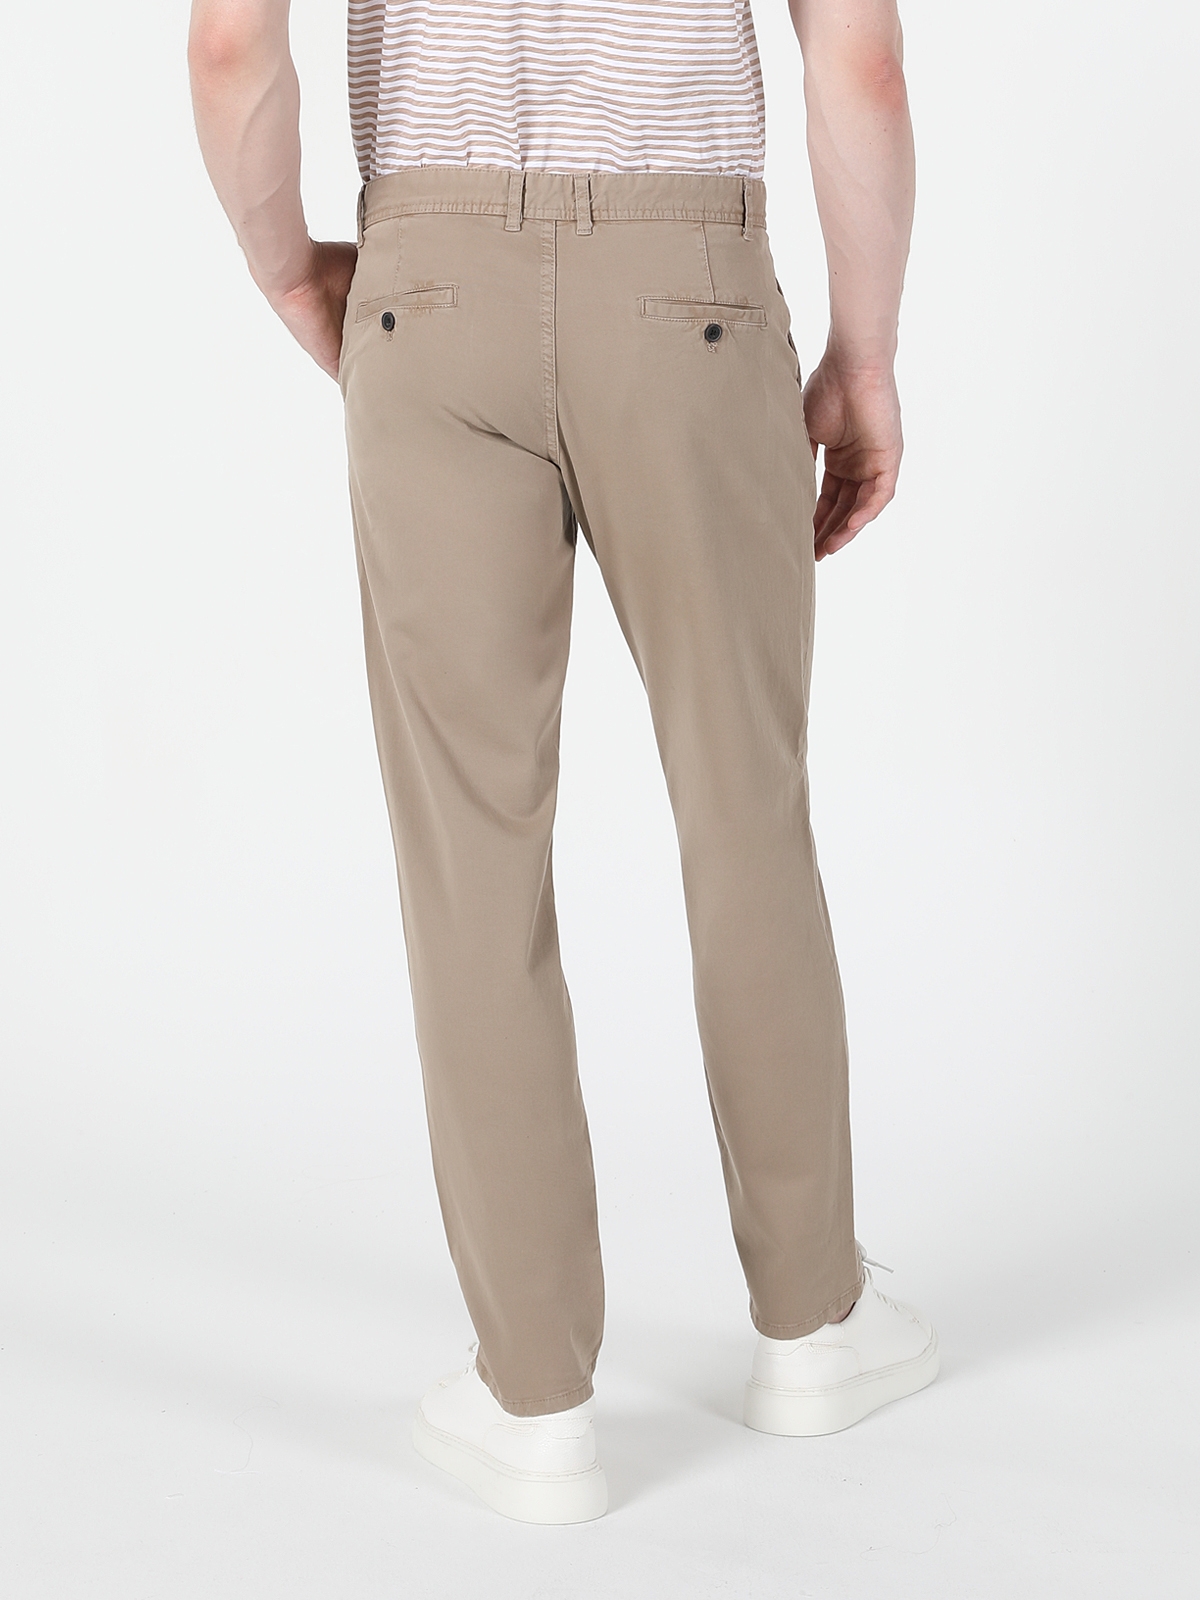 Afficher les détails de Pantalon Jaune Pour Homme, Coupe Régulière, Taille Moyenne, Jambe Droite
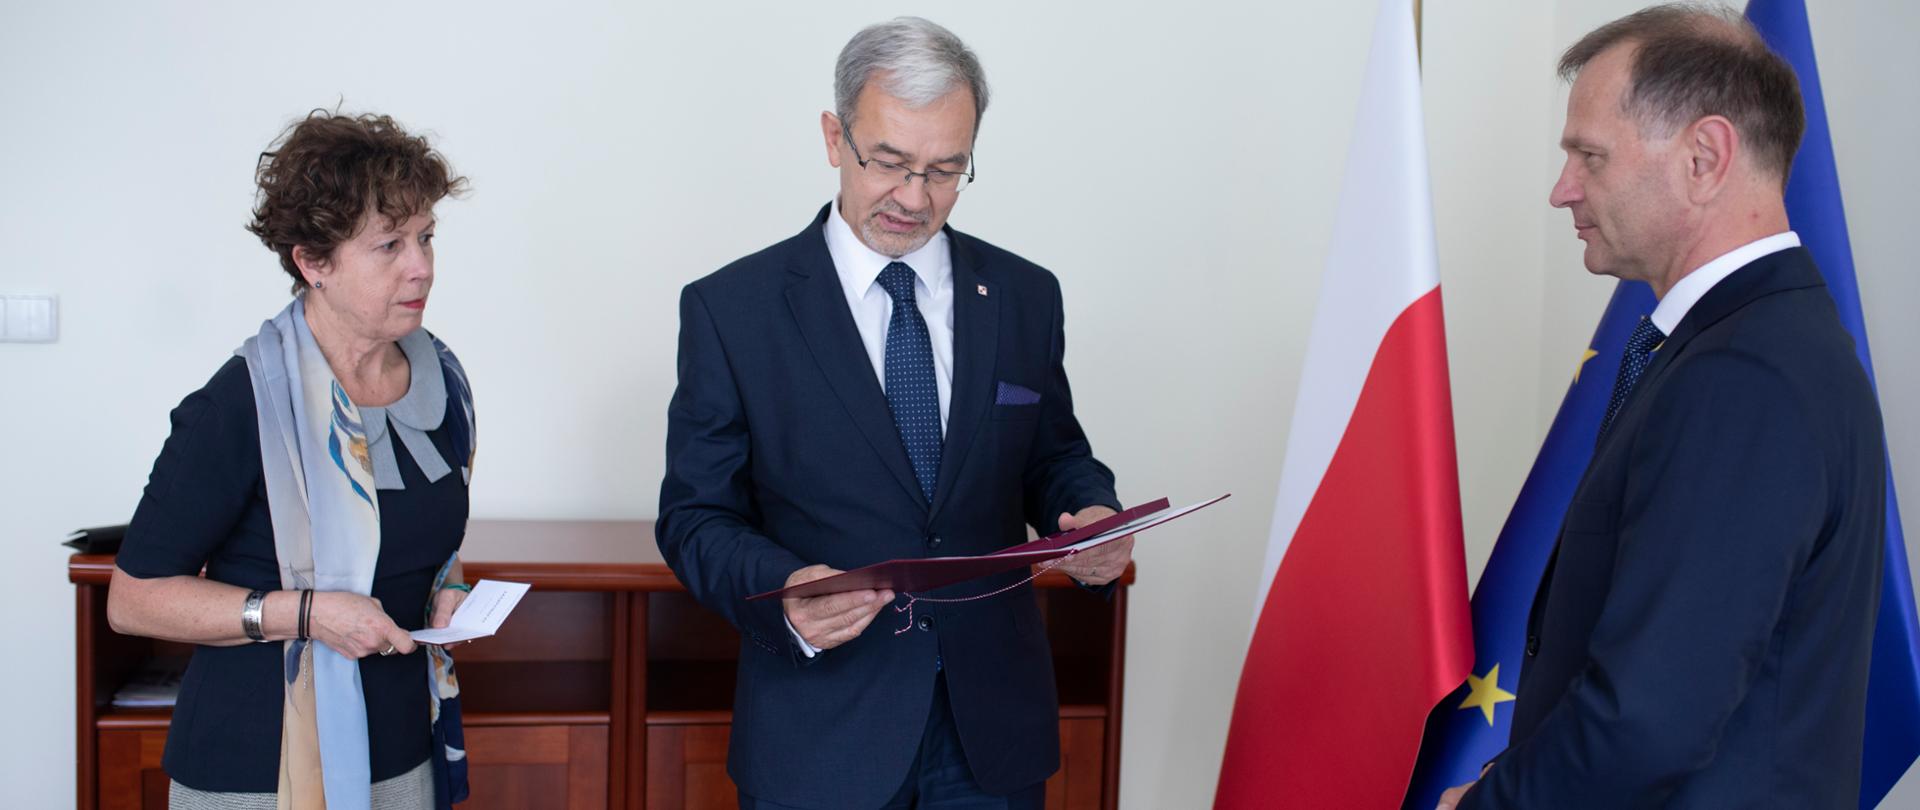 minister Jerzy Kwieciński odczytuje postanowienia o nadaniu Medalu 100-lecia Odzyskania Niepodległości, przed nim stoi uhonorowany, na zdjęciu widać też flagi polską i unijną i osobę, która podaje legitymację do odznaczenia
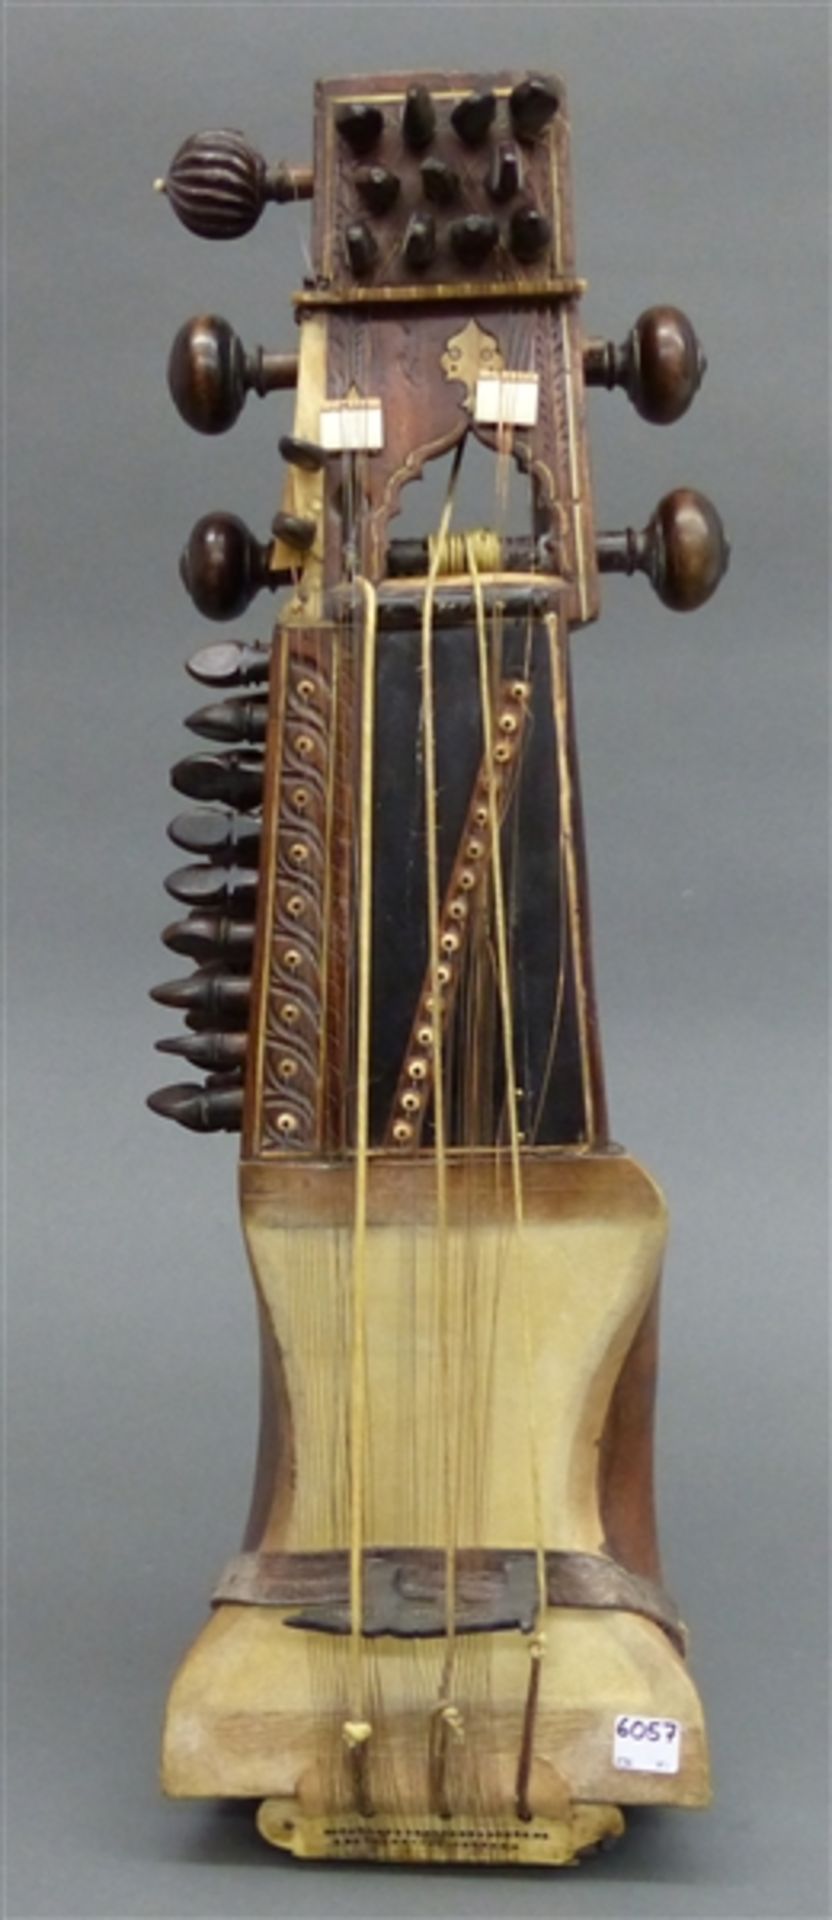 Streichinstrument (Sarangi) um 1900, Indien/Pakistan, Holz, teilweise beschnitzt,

## WHAT YOU HAVE TO DO
All lines from the one containing "minister Jerzy Kwieciński" through the end of the data are to be written out exactly, with nothing added; skip the pictures.

## WRITTEN RESPONSE
 minister Jerzy Kwieciński odczytuje postanowienia o nadaniu Medalu 100-lecia Odzyskania Niepodległości, przed nim stoi uhonorowany, na zdjęciu widać też flagi polską i unijną i osobę, która podaje legitymację do odznaczenia
 Streichinstrument (Sarangi) um 1900, Indien/Pakistan, Holz, teilweise beschnitzt,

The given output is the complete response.